Responding to the Chancellor’s Spring Statement today [Wednesday 23 March], Green Party co-leader Adrian Ramsay said:

“It’s staggering that while the country faces crisis after crisis, the Chancellor continues to look after the interests of fossil fuel companies and his party’s backbenchers, while ignoring the plight of millions on lower incomes.

“It’s negligence in the extreme to have offered so little to help those struggling through this cost of living crisis, when we would have restored and doubled the Universal Credit uplift for those on the lowest incomes.

“And he didn’t even bother to mention the climate once. The Chancellor clearly does not see that tackling the cost of living crisis requires solving the climate crisis.

“The Green Party has repeatedly called for a ‘Dirty Profits Tax’ on the excessive profits from UK oil and gas extraction, and to use this money to provide proper support for every household, and particularly those who need it most. 

“Instead, the Chancellor has turned a deaf ear to the pleas of those on the lowest incomes, ignored the plight of those on benefits and has done next to nothing to tackle the climate crisis.

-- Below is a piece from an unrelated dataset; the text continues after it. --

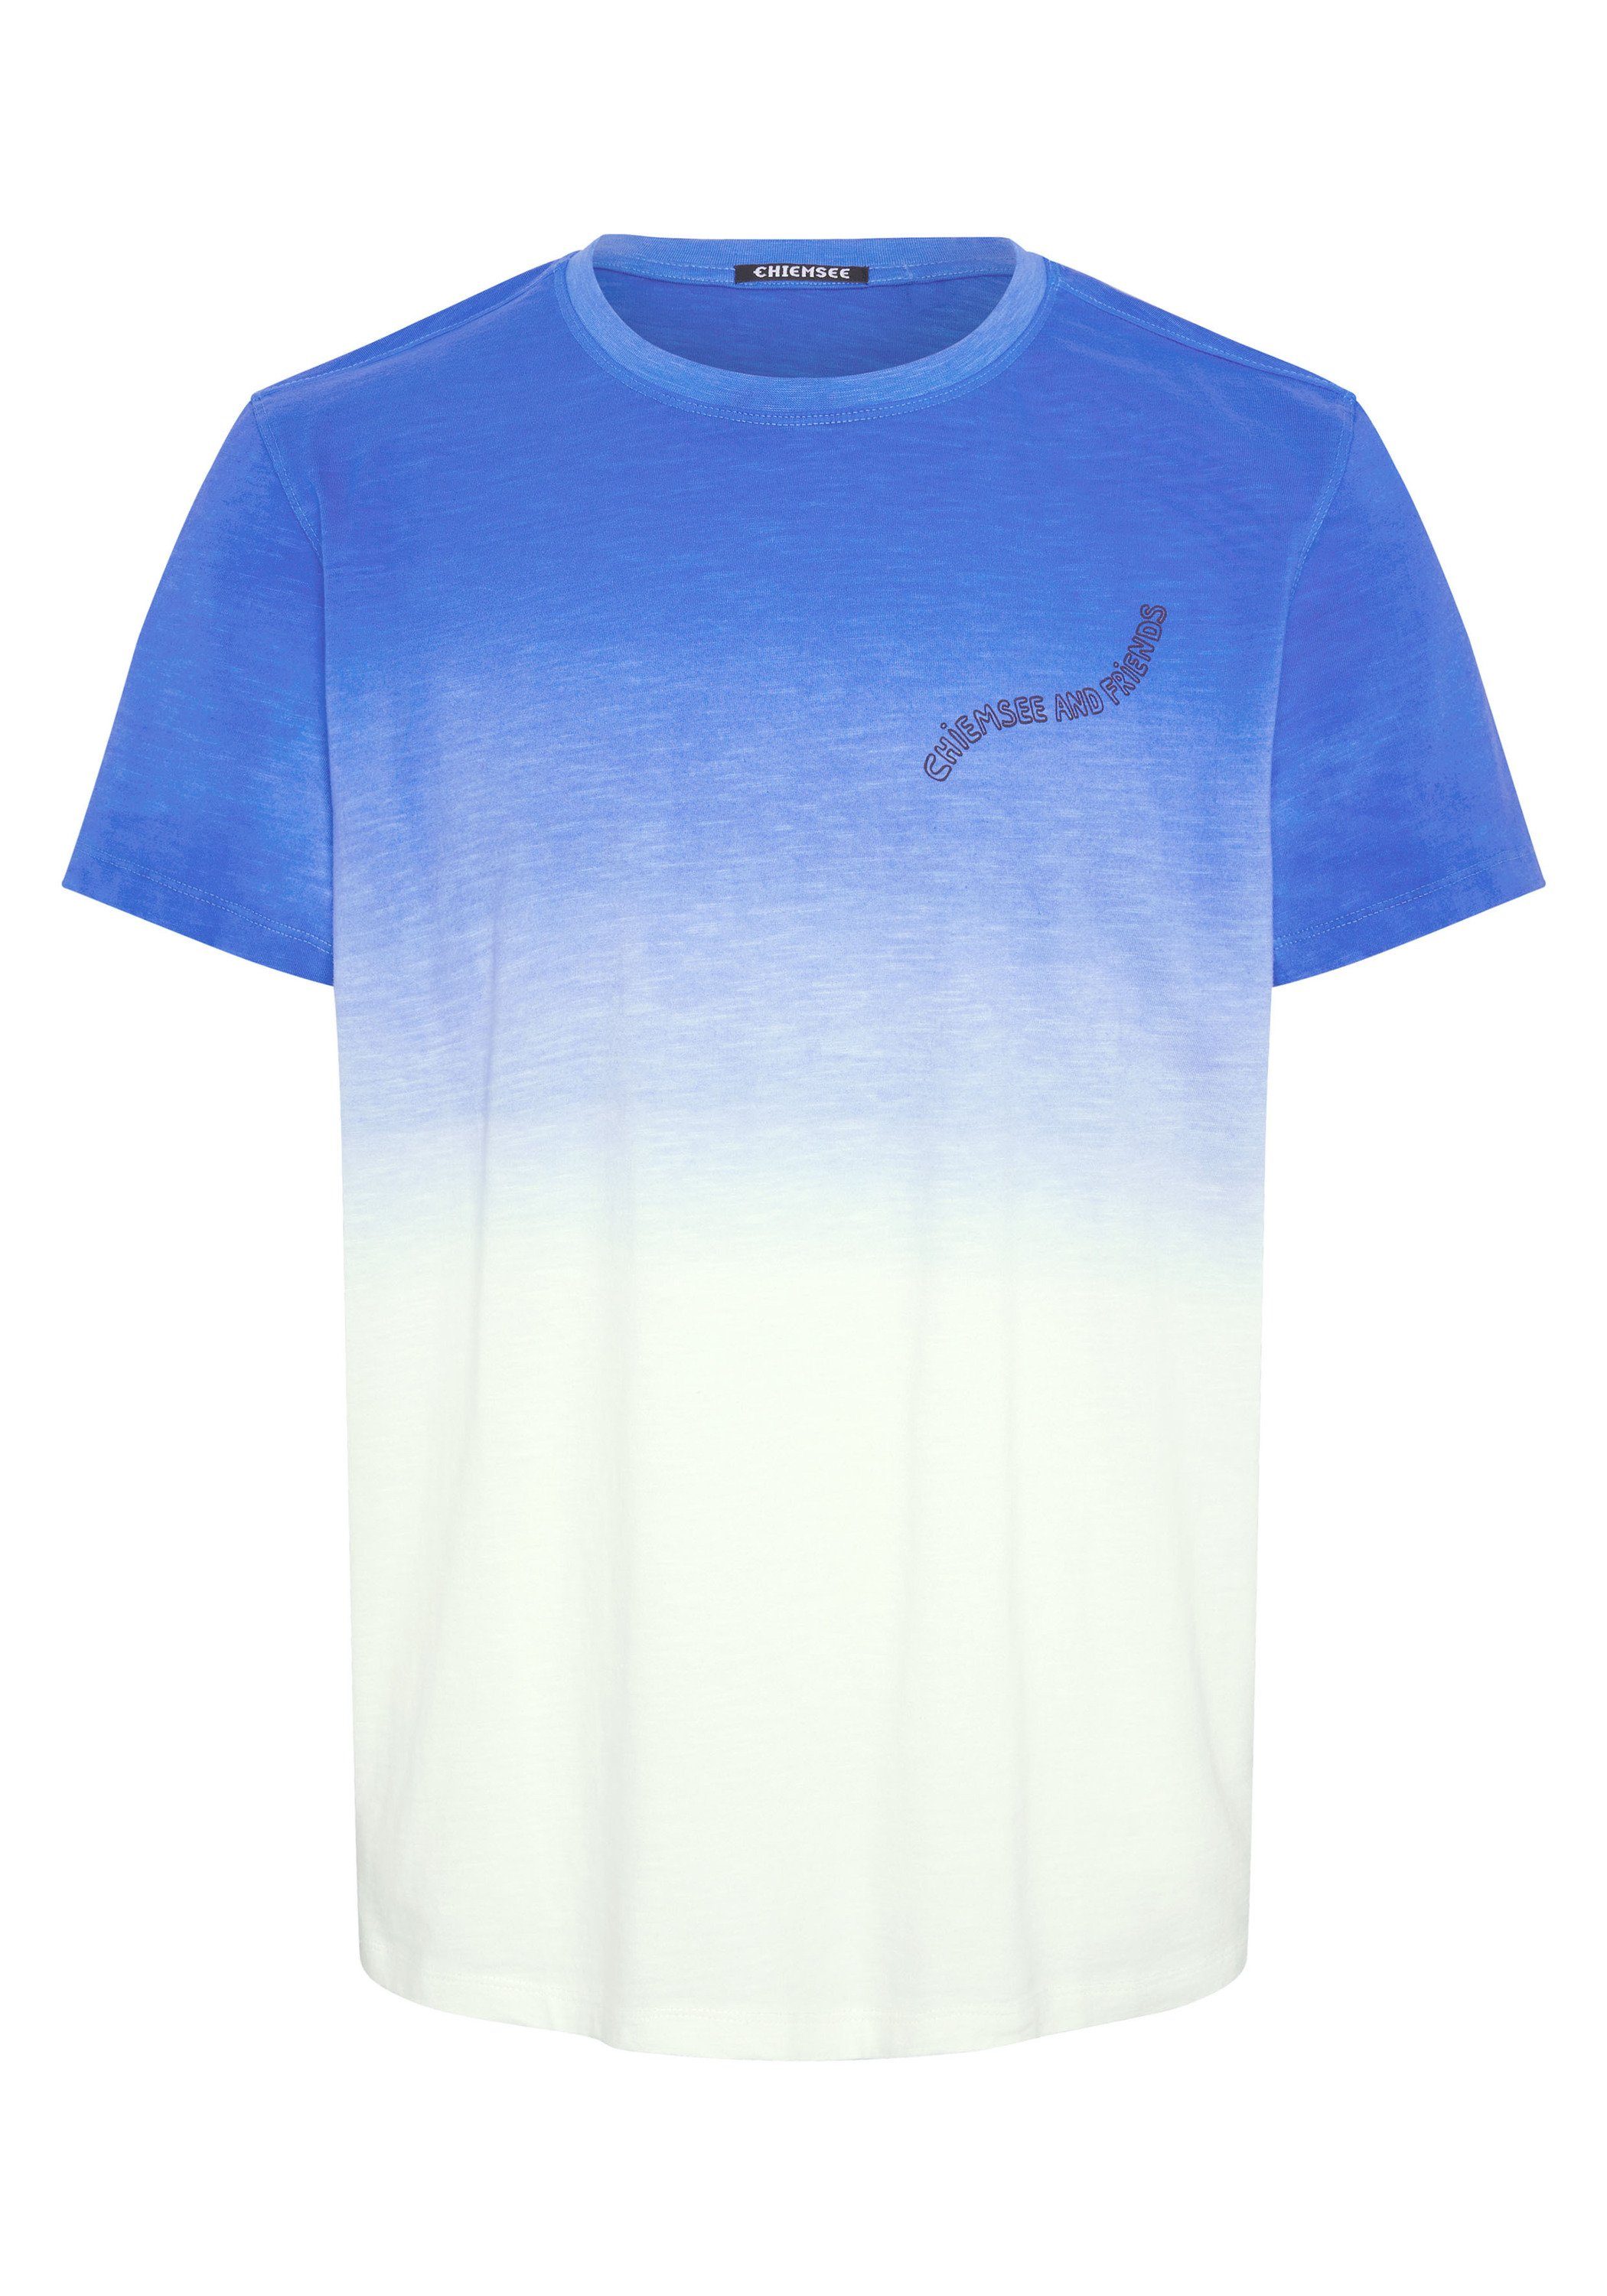 Chiemsee Print-Shirt T-Shirt im Farbverlauf mit Slub-Yarn-Textur 1 4548 Medium Blue/Dark Blue

“He had money to spend but chose to spend it on tax cuts for the better off and encouraging climate-damaging activity. A cut to fuel duty which will disproportionately benefit wealthier households that are more likely to own cars, more likely to drive larger cars, and more likely to travel long distances, fails to support those reliant on ever more expensive public transport. 

“While the cut to VAT on energy efficiency measures and renewables is a positive step and a win for green campaigners, it will not have the impact we need without a proper government retrofit programme to support people to take advantage of it. The fact there was no clear plan for a full retrofit programme, which would help keep people warm and reduce eye-watering energy bills, shows the absolute lack of vision this floundering government has.

“Meanwhile, the promised future tax cut shows the Chancellor is focused on winning the next general election, and not helping those on benefits and lower incomes who are in desperate need right now.”

Ahead of today’s budget, the Green Party called on the Chancellor to use the Spring Statement to:

  • Address pay inequality and provide real society security, including restoring the £20 uplift to Universal Credit and doubling it to £40 per week and extending emergency fuel payments to all by providing each household with an additional £320 to help them pay for spiralling energy costs
  • Invest in energy efficiency and energy security, including funding local authorities to better insulate all homes and carry out deep retrofit of 1 million homes a year
  • Invest in green jobs, including a retraining guarantee for existing oil and gas workers, as well as those who have recently left the sector
  • Tax pollution and wealth, including increasing the supplementary tax already charged on North Sea oil and gas to 40%, which would raise £5bn, and transition towards a carbon tax to make polluters pay
  • Use the power of money for good, including banning any bank holding a UK banking licence from investing in new fossil fuel development and updating the Bank of England’s mandate so that funding the sustainability transition becomes a central objective, alongside the maintenance of price stability.